明明穿著的是鬆弛的衣服,姣好的身材卻絲毫沒有被埋沒,依然從她走的每一步突顯而出,衝擊着我的眼球。或許衝擊我的不止這罕見地姣好的身材,還有伴隨着她每一步飄散至我鼻內的香氣。記得她曾經說過自己沒有噴香水的習慣,所以這清晰得如幻似真的香氣,應該是洗髮水。

正當我沉醉於由她自身散發的香氣時,一碟咖喱飯已經被她端到我面前的桌上,同時她的輪廓也在清晰的視野中無所循形。

烏黑卻透着白色光暈的亮麗秀髮、玄幻深奧的大紫瞳、白晳而不失光澤的肌膚。同為女性,卻會令我感到無地自容的絕世美貌。要比喻的話,就是一出外會被一堆男性搭訕、可以匹敵全球頂尖美女般,擁有人人羨慕的絕頂美貌。

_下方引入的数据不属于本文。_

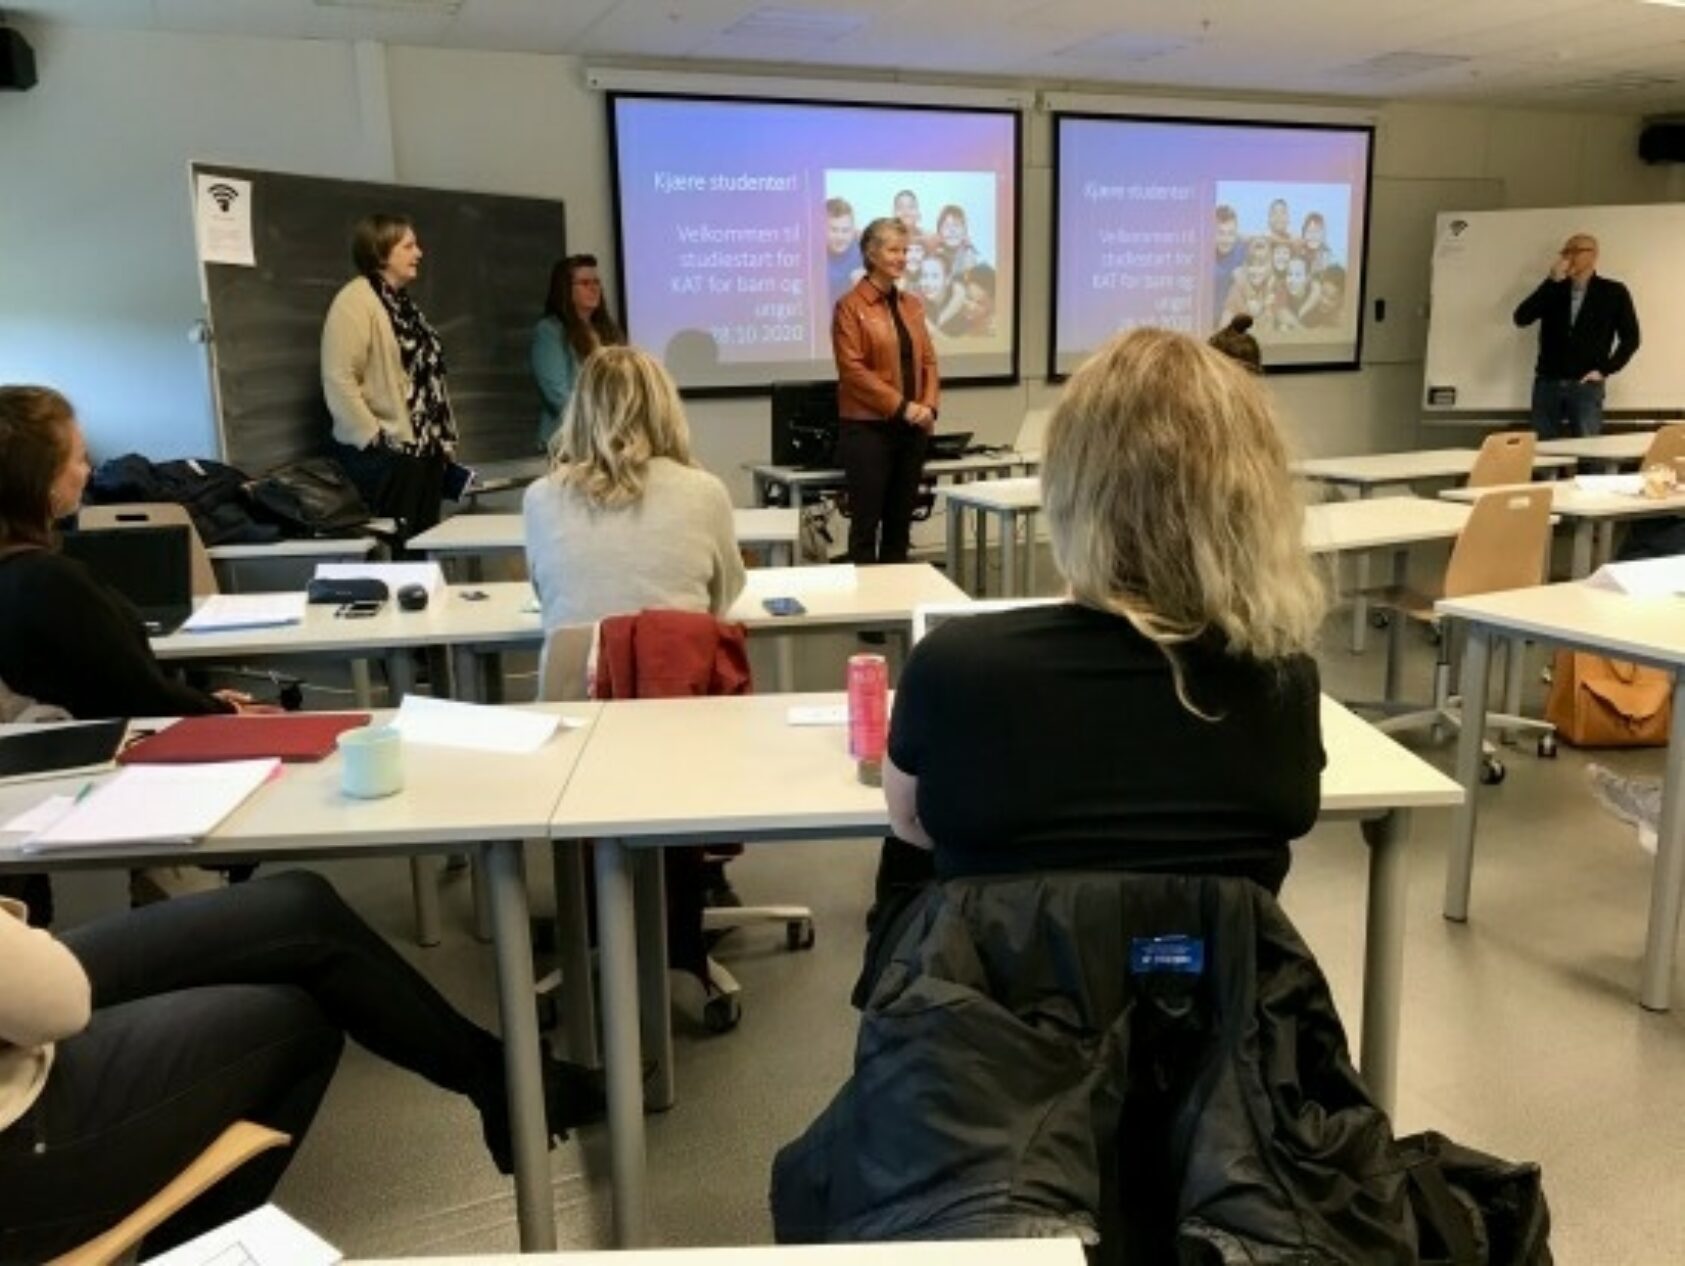 Foto: Universitetet i Stavanger, Dekan ved Det helsevitenskapelige fakultet, UiS, Kristin Akerjordet ønsker studentene velkommen til den nye videreutdanningen., Kat apning, ,

不過,以我所知,「小晃」的俊貌都不失於她。只能說他們擁有人人厭羨的「郎才女貌」關係吧。

「你最愛的甜咖哩喔,小晃。」

這麼說着,她雙手托腮,露出一個幸福的甜笑。

「嗯。謝謝你,冴。」

一把低沉的男聲作出回應。雖然有點難解釋,但這把聲音就是這副軀體本來的主人——也就是屬於「小晃」的。雖然我的意識留在「小晃」體內,但這句並非是基於我本來的意識回應,而是基於「小晃」本來的意識回應的。





女生的名字叫「冴」。由於二人從未用姓氏稱呼過彼此,所以我不知道二人各自的姓氏。從這互稱名字、「冴」在「小晃」面前穿居家服、二人住在同一屋簷下、「冴」為「小晃」做飯、「冴」向「小晃」像現在這樣撒嬌的情況下不難猜出——二人是戀人的關係。

「冴」在我還在恍神之時便不理我先開吃了。

「小晃」一直都很喜歡在這種時候像現在這樣靜靜地觀賞坐在對面的「冴」。從內心滿溢而出的暖意不難猜出,「小晃」很享受這過程。只有這種時候,我才肯定自己的意識是與「小晃」的意識重疊的——因為這一刻,我也不想把視線移開。

「冴」正拿着飯匙一口一口地吃着咖哩。雖談不上像小孩一樣豪邁到整張嘴都沾滿咖哩,但從中還是能感受到一股不羈。沒有固定規律;看不出到底是因為咖哩本來好吃、還是想快點把咖哩吃掉般把匙上的咖哩硬塞進口,只能從這不失優雅的姿態看出「冴」正不快不慢地吃着咖哩。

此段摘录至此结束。